Drug Utilization Evaluation of Antibiotics in Burn Patients at a Referral Teaching Hospital

  • Rasool Soltani Department of Clinical Pharmacy and Pharmacy Practice, School of Pharmacy and Pharmaceutical Sciences, Isfahan University of Medical Sciences, Isfahan, Iran.
  • Shabnam Sajjadi Faculty of Pharmacy, Shahid Sadoughi University of Medical Sciences, Yazd, Iran.
  • Kiana Shirani Infectious Diseases and Tropical Medicine Research Center, Isfahan University of Medical Sciences, Isfahan, Iran.
  • Mohsen Minaiyan Department of Pharmacology and Toxicology, School of Pharmacy and Pharmaceutical Sciences , Isfahan University of Medical Sciences, Isfahan, Iran.
  • Fatemeh Saghafi Department of Clinical Pharmacy, Faculty of Pharmacy and Pharmaceutical Sciences, Shahid Sadoughi University of Medical Sciences, Yazd, Iran.
Keywords: Drug Utilization, Evaluation; Anti-Bacterial Agents; Burns


Background: Nowadays, due to the irrational and excessive use of antibiotics, antimicrobial resistance has become one of the main concerns of the medical community.
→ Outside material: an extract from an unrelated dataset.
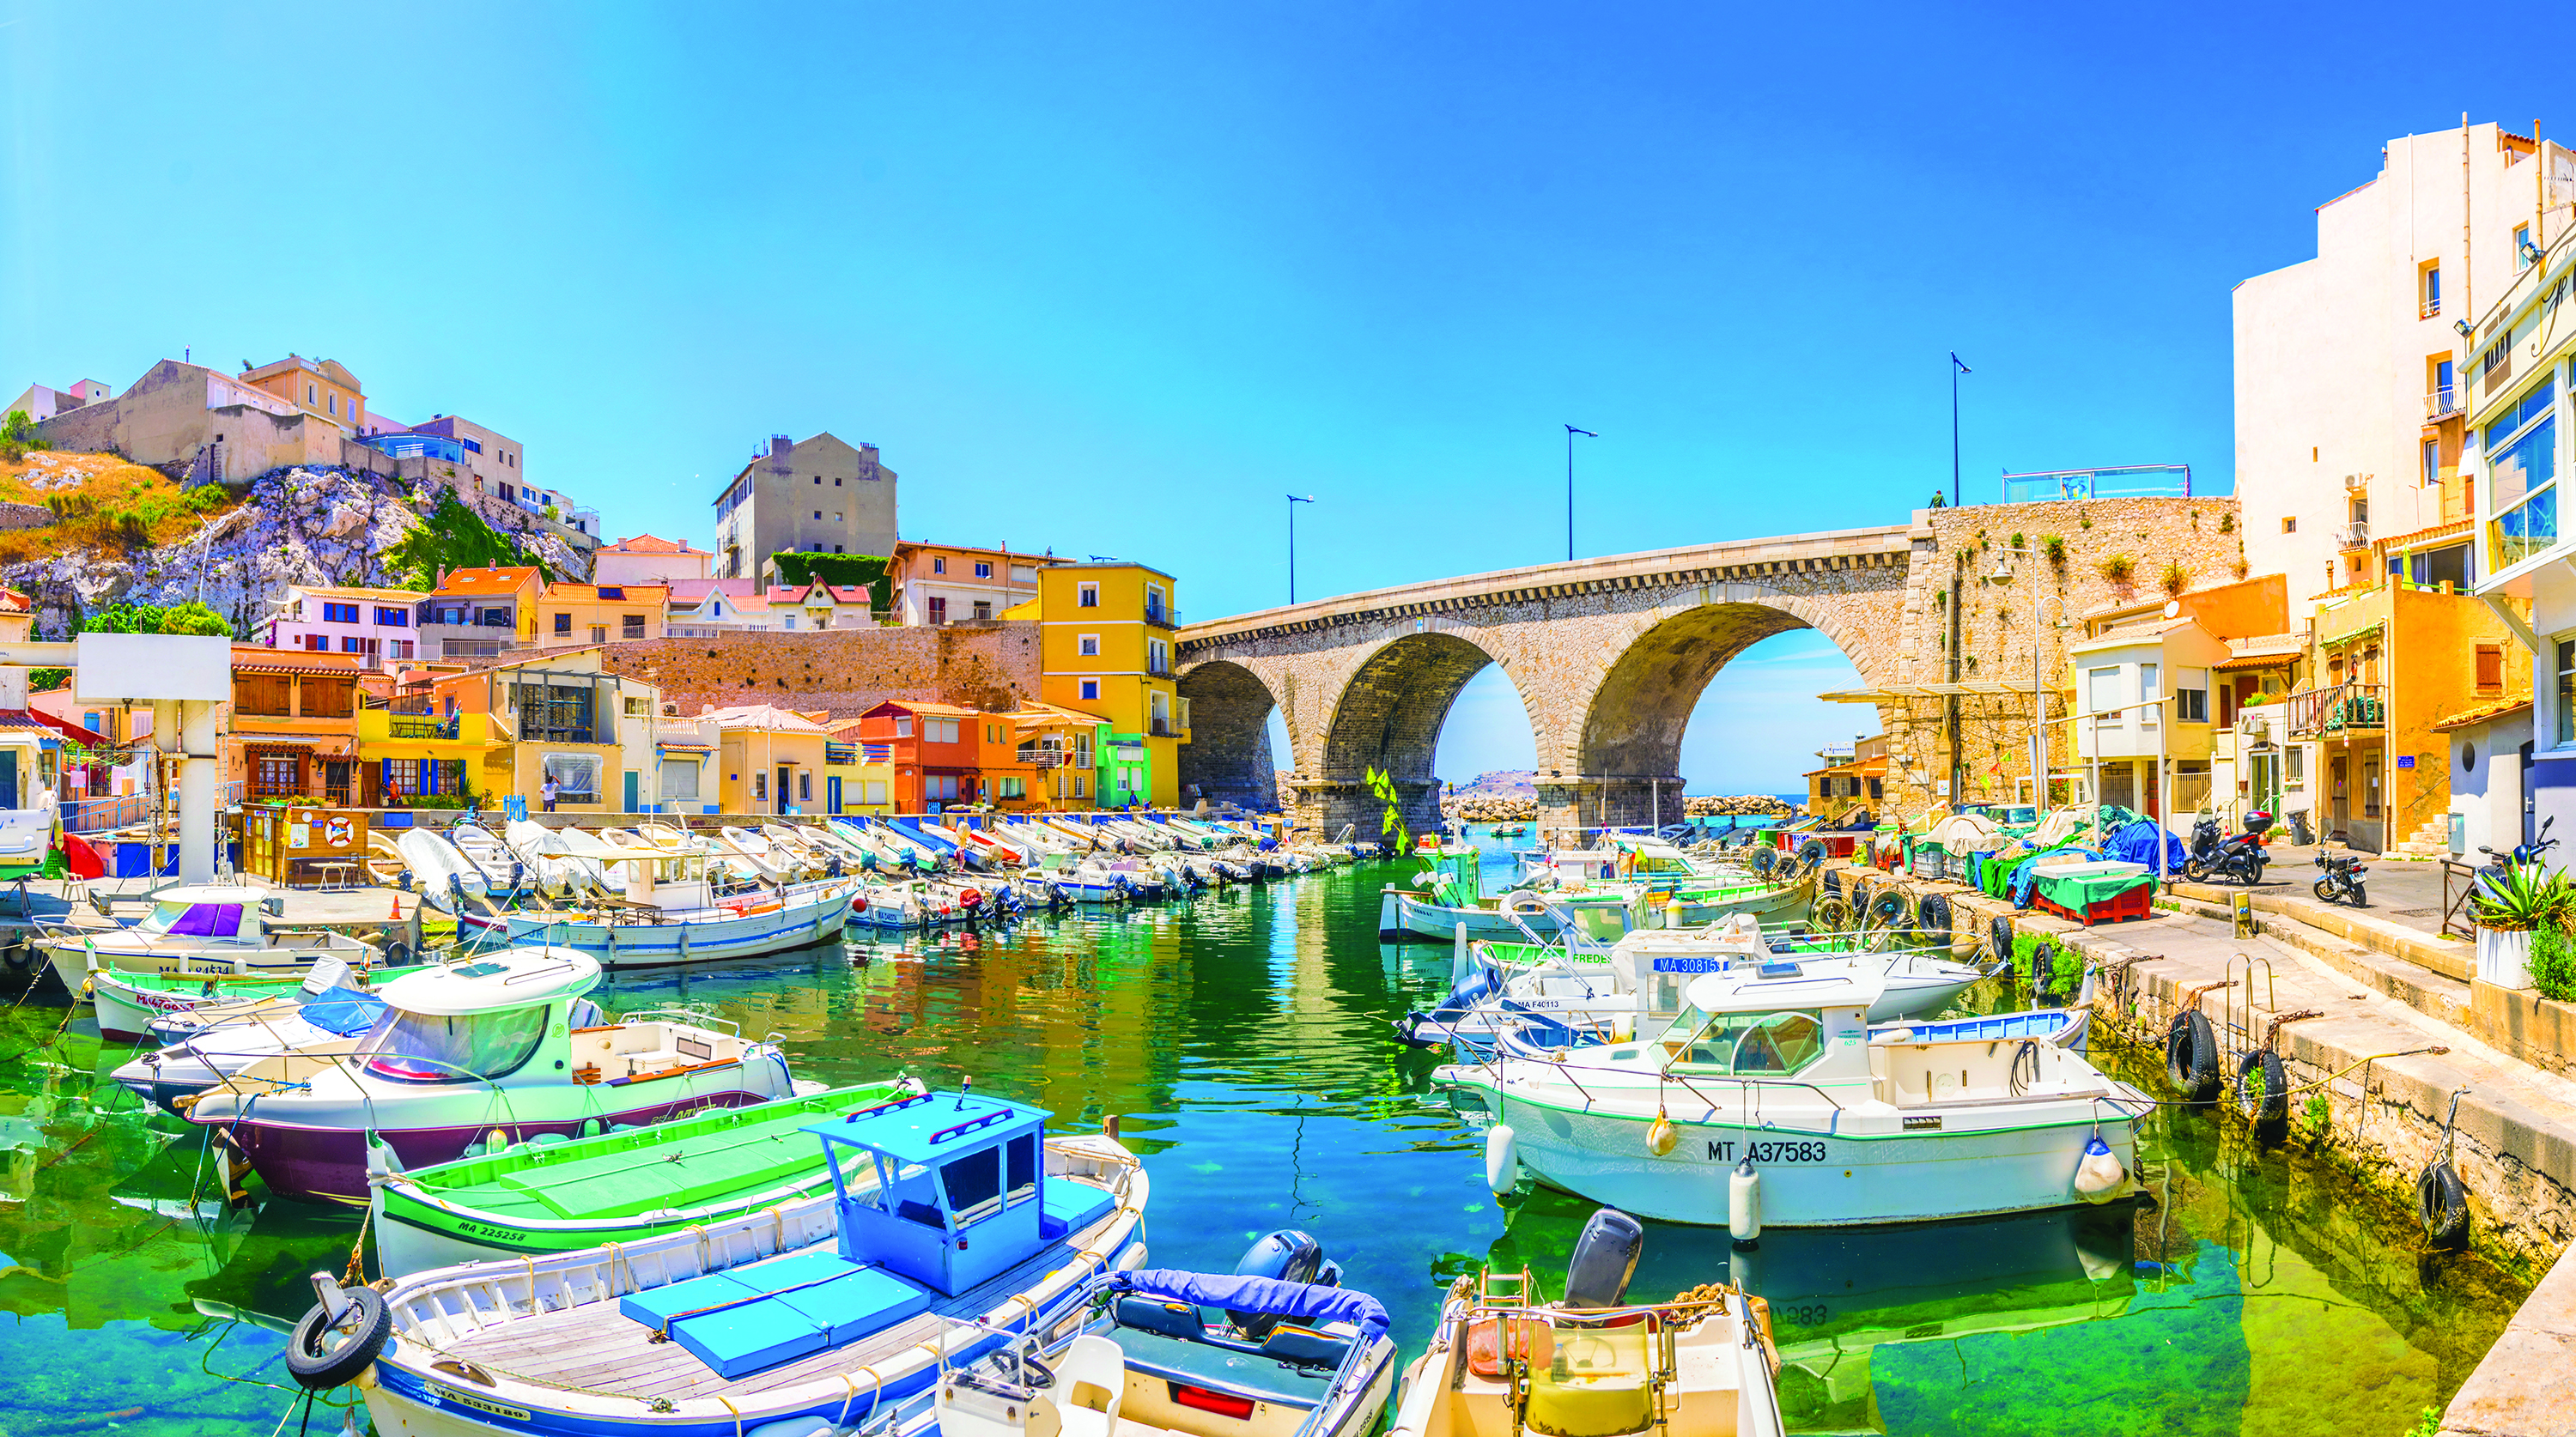 Photograph of colorful harbor in Marseille

Patients with burns are more prone to infections due to the loss of the skin's defense barrier and a weakened immune system. Therefore, proper antibiotic treatment is essential in these patients. In the present study, the rational use of antibiotics in the burn hospital of Imam Mousa Kazem in Isfahan was evaluated.

Methods: This prospective cross-sectional descriptive study was performed on 102 hospitalized patients over 9 months (from January to September 2020). Adult burn patients who received at least one antibiotic were included in the study. All required information, including demographic data, the prescribed antibiotic, basis of administration (empiric vs. culture-based), dose and duration of use, microbial culture test, and treatment outcome were recorded in the data collection form by referring to patients’ medical profile and the hospital computer system. Judgments about the accuracy of the indication, dose, and duration of treatment, as well as the need for dose adjustment in renal or hepatic impairment were made using related guidelines and references.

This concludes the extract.